Please output the line containing "Cafedak: Estimulante ativador de café" and all lines that follow it in the data below, exactly, with no pictures.

MATERIAL PROVIDED ->
========================================================================

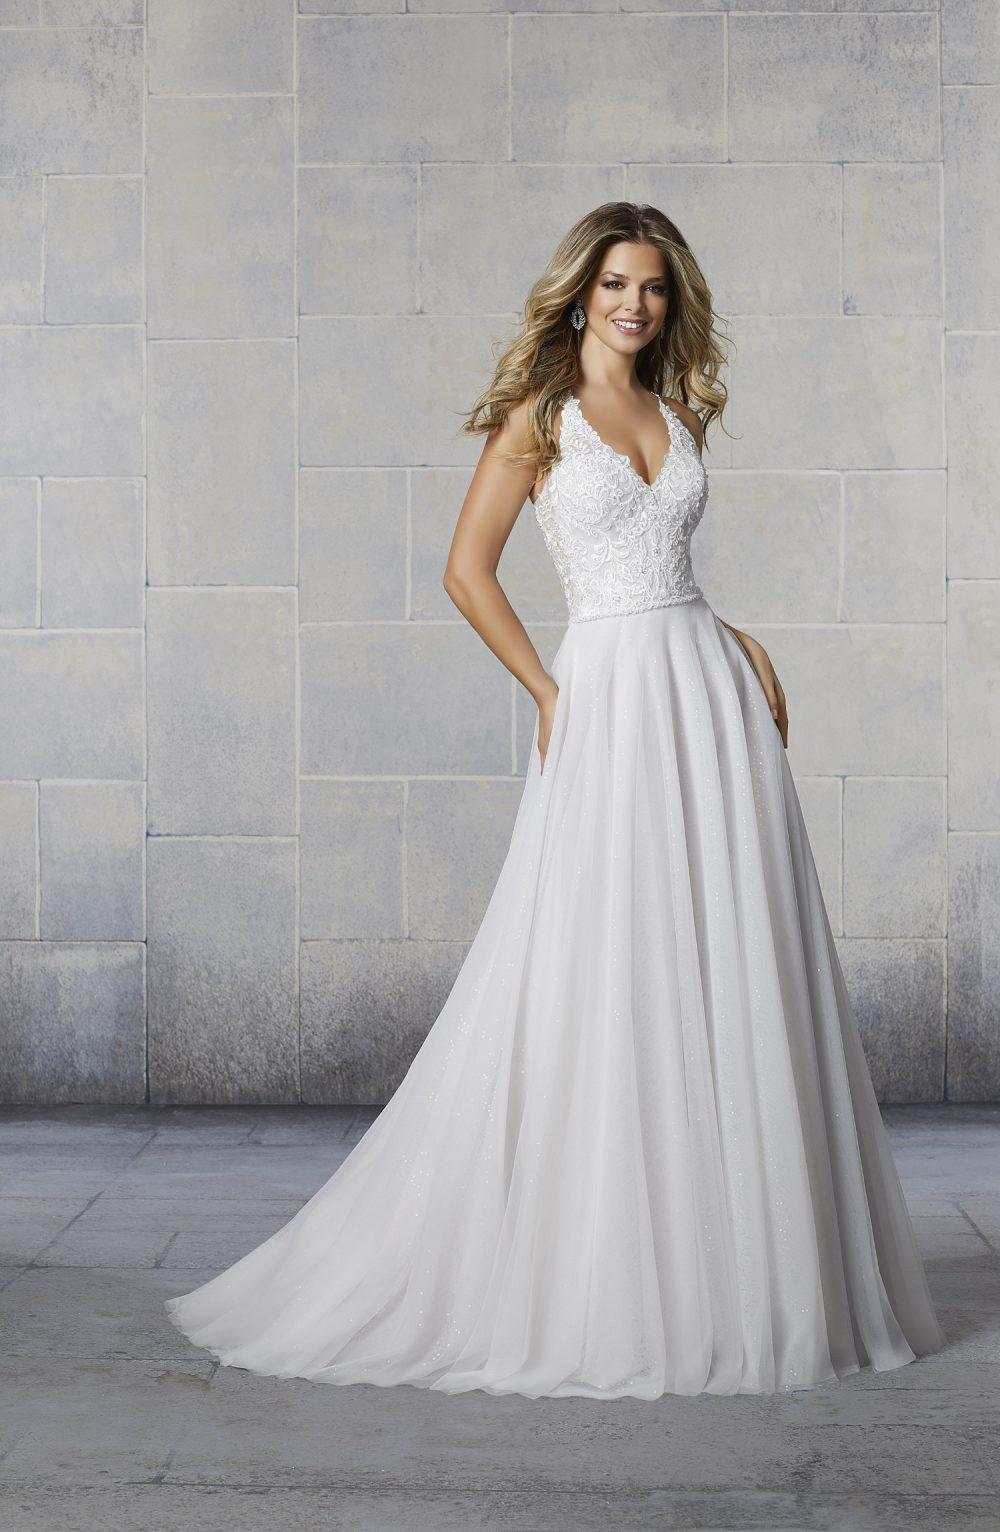 Mariages: abito da sposa Morilee 2021 a Vicenza, Verona, Padova, Veneto 6928
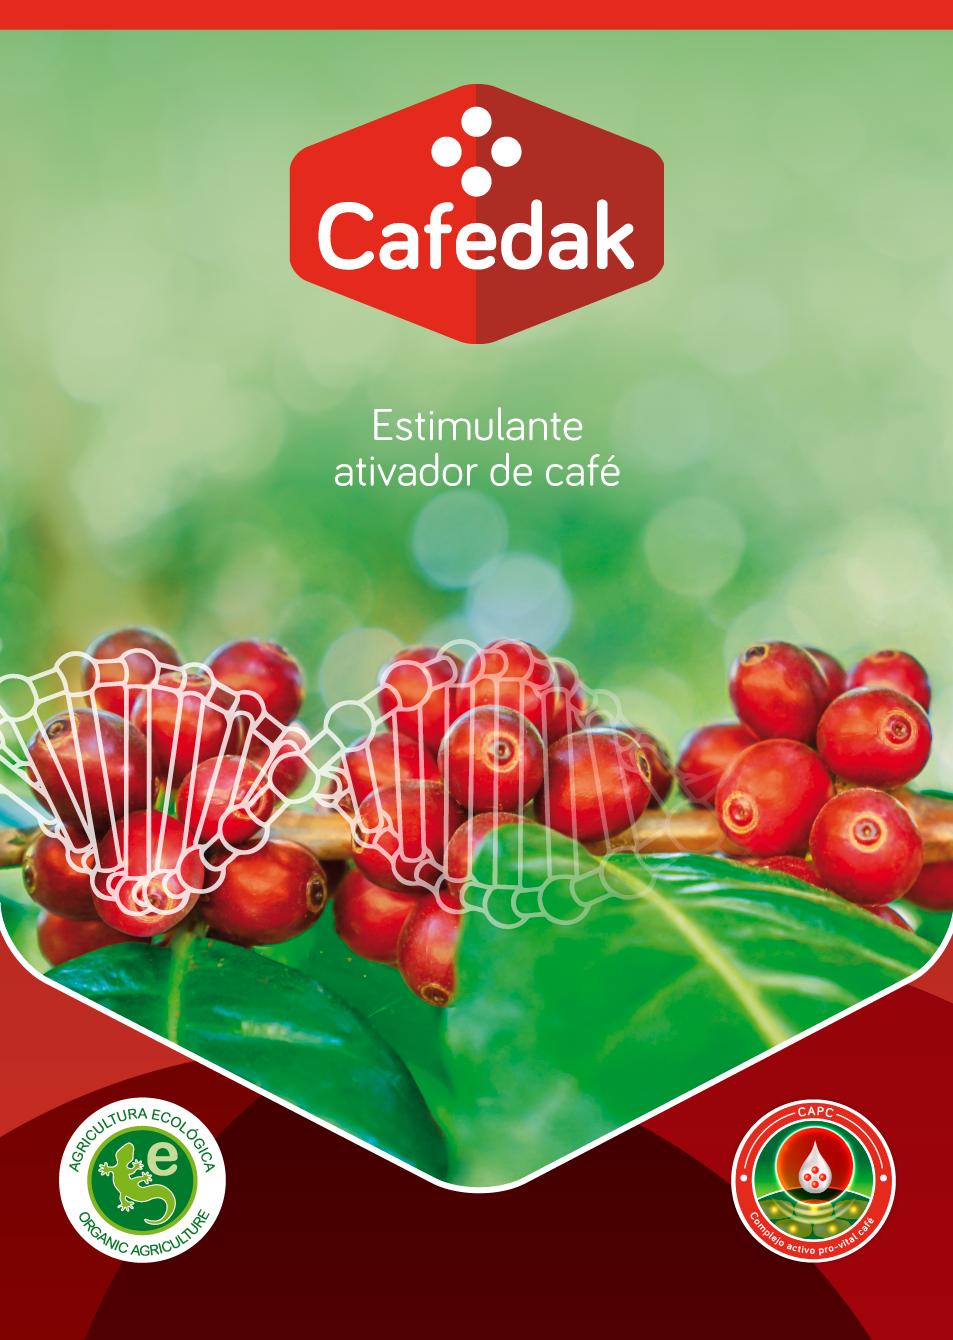 Cafedak: Estimulante ativador de café
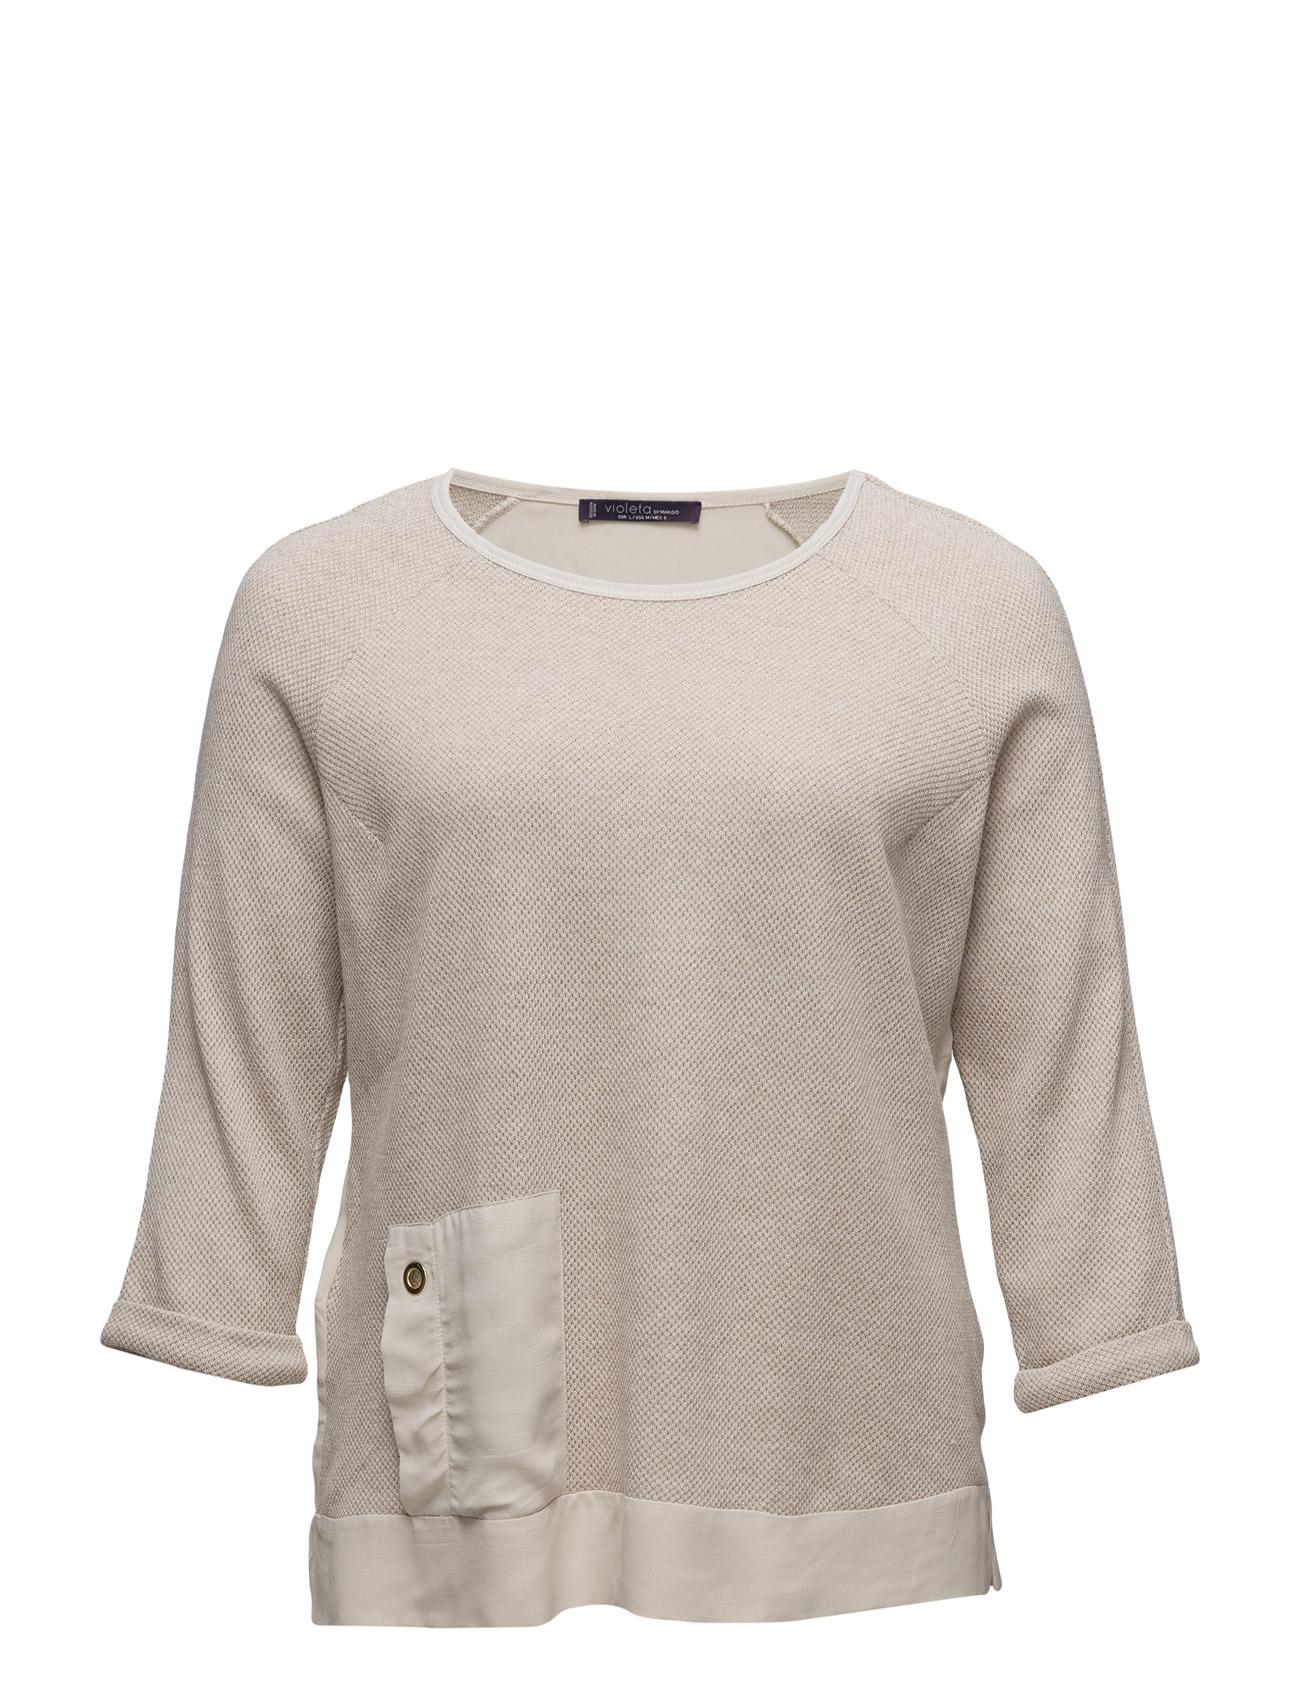 Metallic Cotton-Blend Sweatshirt Violeta by Mango  til Kvinder i Light Beige

========================================================================

YOUR RESPONSE ->
 Cafedak: Estimulante ativador de café
 Metallic Cotton-Blend Sweatshirt Violeta by Mango  til Kvinder i Light Beige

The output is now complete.